Жизнь сложной стает; бог знает, каких только профессий нету на свете, и кое-когда в такие дебри зайдут, споря, к примеру, об авиации, о математике, о какой-нибудь заводской машине или об искусстве, что ни черта не поймешь — термины, термины, будто на чужестранном языке тараторят, и он терялся. Чтобы люди не видели его растерянности, хмурился, старался отмолчаться, а если это не удавалось, — говорил нарочито сердитым голосом что-нибудь свое, деревенское, или разных общих фраз подпускал, на то и башка, чтобы искать ходы да выходы.
Последнее время с ним происходило нечто непонятное: казалось, что в избе, на улице, везде витает мелкая, невидимая пыль, он явственно чувствовал ее даже на языке, на губах, в горле хрипотца, дыхание частое, и он ругал себя за прежнее легкомыслие, когда, стараясь успокоиться, отвлечься от всяких неприятностей, искуривал за день по две пачки папирос, какие подешевле да поедучее, радуясь — вот дурак! — какой он крепкий мужик, все-то ему нипочем.
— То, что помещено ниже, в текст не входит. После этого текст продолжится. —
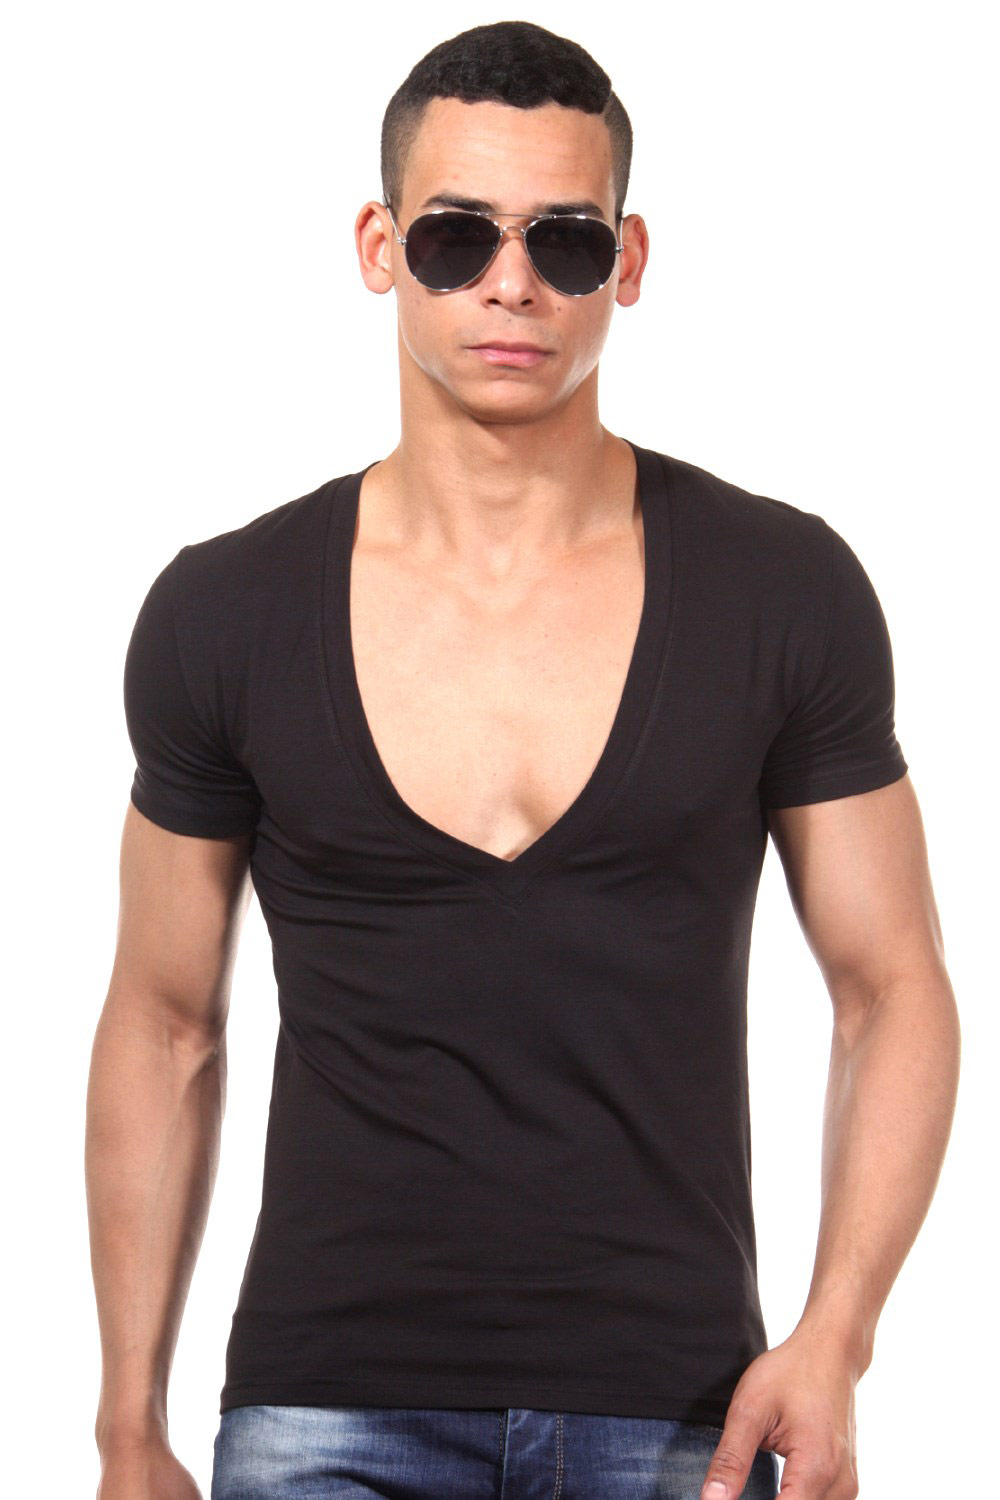 DOREANSE t-shirt v-neck slim fit at oboy.com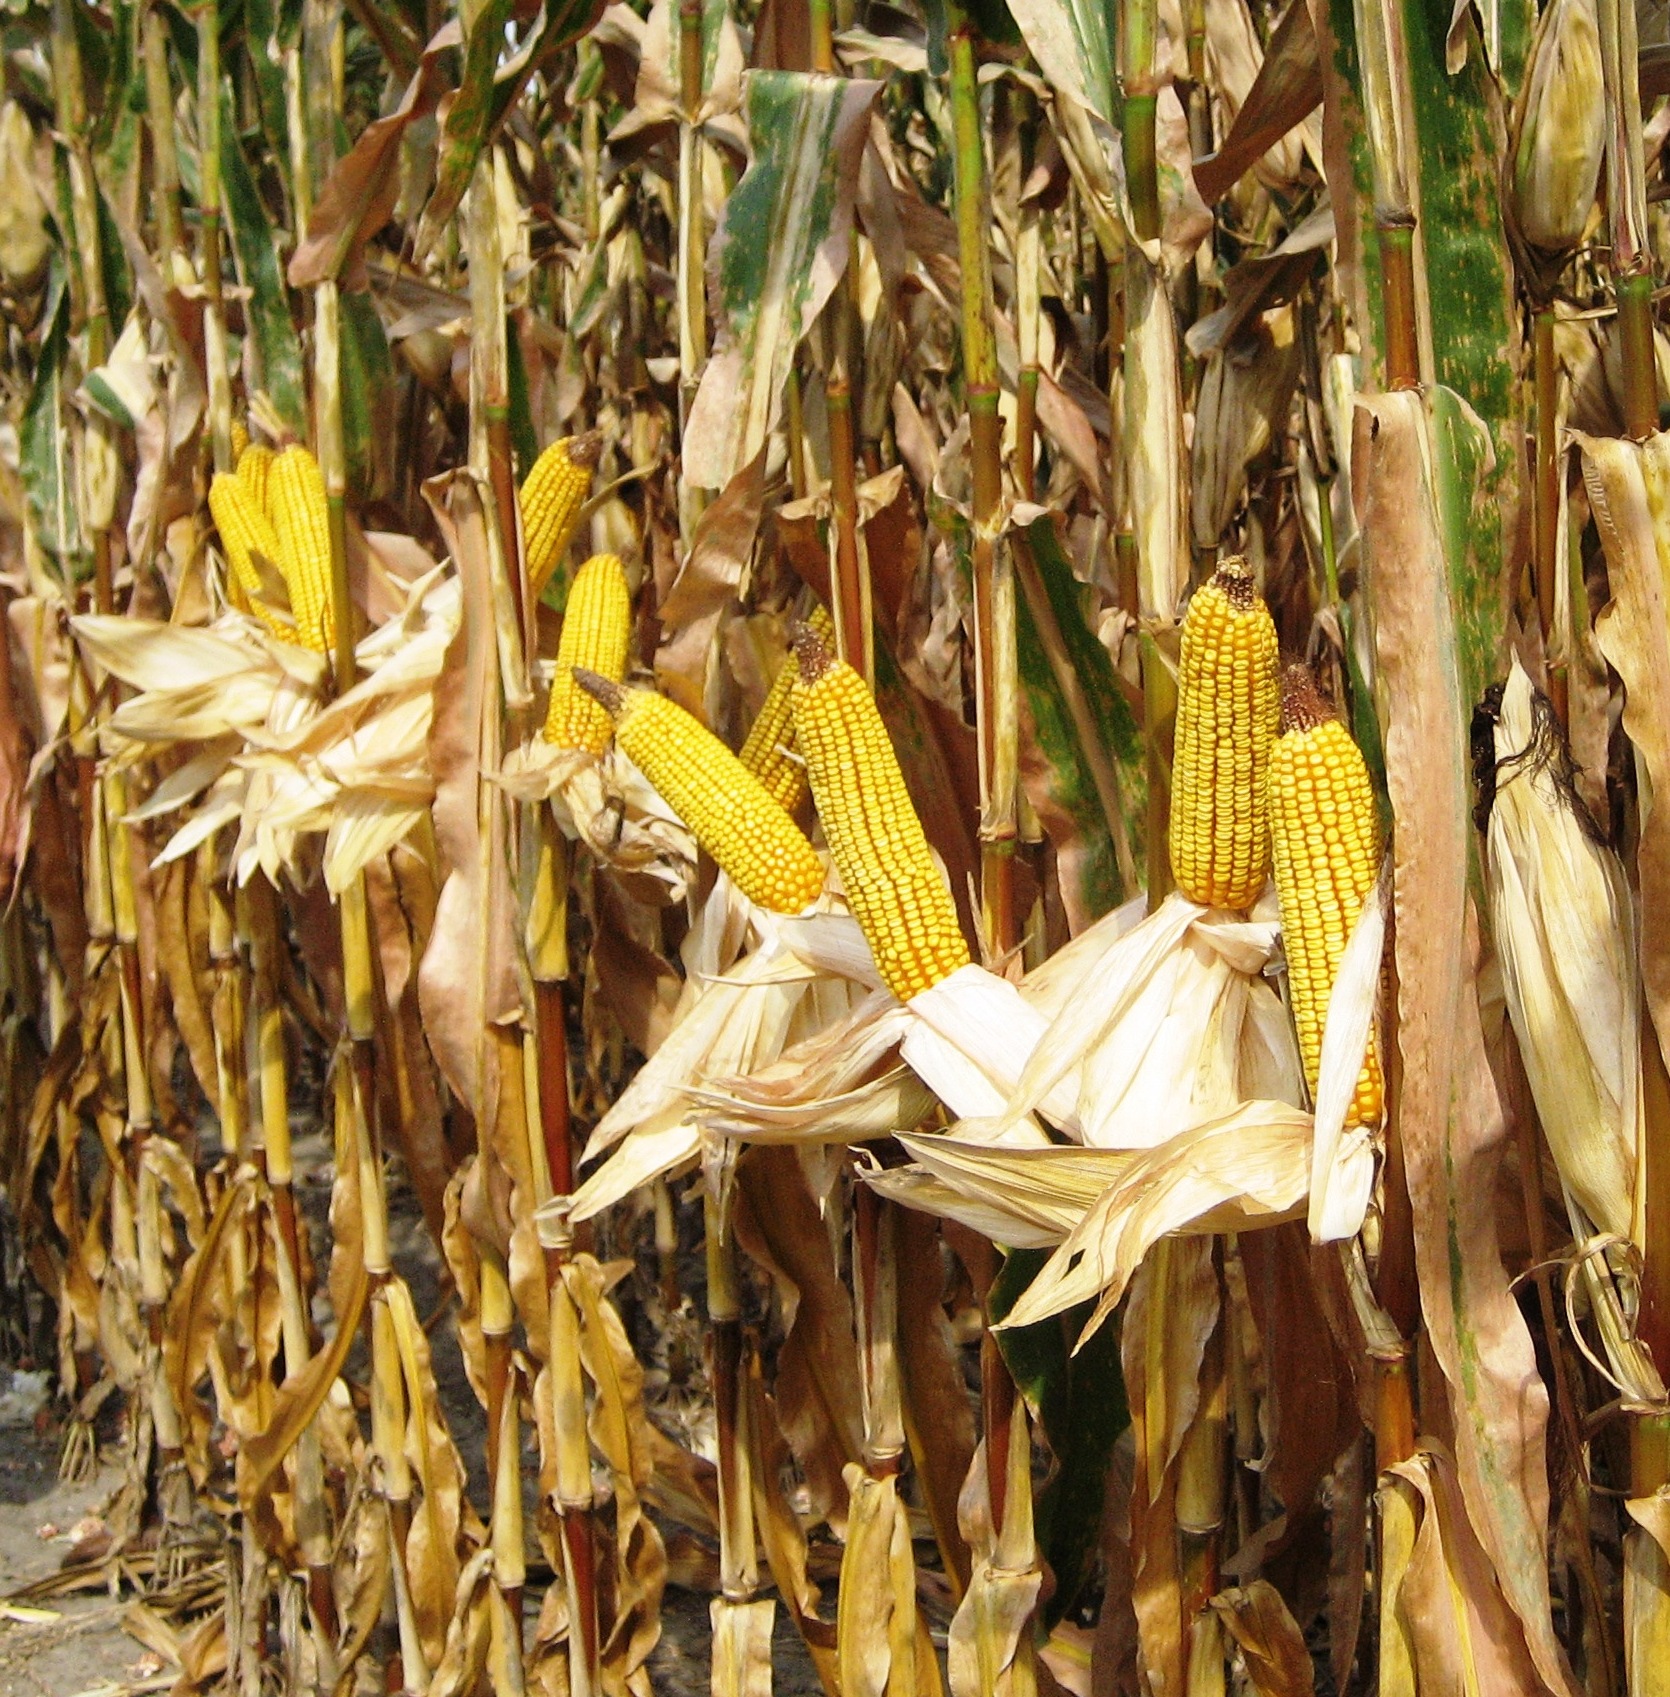 a corn field

Интересная штука — жизнь: кому-то одни радости дает, а кому-то одни горести. Положим, горестей Михаил Никифорович видел не так уж много, в войну только, и радоваться любил. Именно любил. Причин для радости всегда полно, только кто-то видит их, а кто-то нет. Радость — понятие, в общем-то, довольно неопределенное, всяк по-своему ее понимает. Есть даже такие субчики, для которых радость — это просто безделие, пьянка и блуд. А вот Михаил Никифорович радуется, когда хорошо сработает (вместе с бригадой или у себя дома). Испытывает большое довольство, отправляясь в тайгу с ружьишком; жаль только, что времени не хватает для этого. Есть и другие причины для радости… Прилетели грачи и по-хозяйски солидно разгуливают на пашне… После затяжного ненастья на болезненно-дымчатое небо выползло розоватое жаркое солнышко. Чуя тепло, вышла на завалинку восьмидесятилетняя бабка с двумя внучатами, которые, что-то лепеча и смеясь, носятся по свежей траве… В огороде выросли на диво крупные, сочные помидоры, аж во рту тают, — никогда такого не бывало. Глядишь, глядишь и наглядеться не можешь.
Он очень любил семейный уют, и в доме у него везде хозяйская рука видна: где надо — побелено, где надо — покрашено, вымыто, выскоблено, все стоит прочно, не косит, не шатается; три светлых комнаты с мебелью из города и фикусами, сени, чулан, вместительный сарай, два хлева, сад с малиной и смородиной, а огород такой, что ой-е-е!
Захотелось еще пропустить стаканчик, не умел он пить помаленьку (пил редко да метко); бражную гущу, которая темнела на дне бутыли, вылил в поганое ведро и тяжело зашагал на улицу, решив сходить в Покровку, в магазин. На его счастье подвернулась попутная машина.
Завмаг, хромой расторопный мужик, встретил бригадира любезной улыбкой. «Тоже приспособился», — подумал Михаил Никифорович и спросил с заметной небрежностью:
— Ну, как живешь?
— Да ничего.
— Толстеешь все.
— Веселый ты сегодня, я вижу, — ухмыльнулся завмаг.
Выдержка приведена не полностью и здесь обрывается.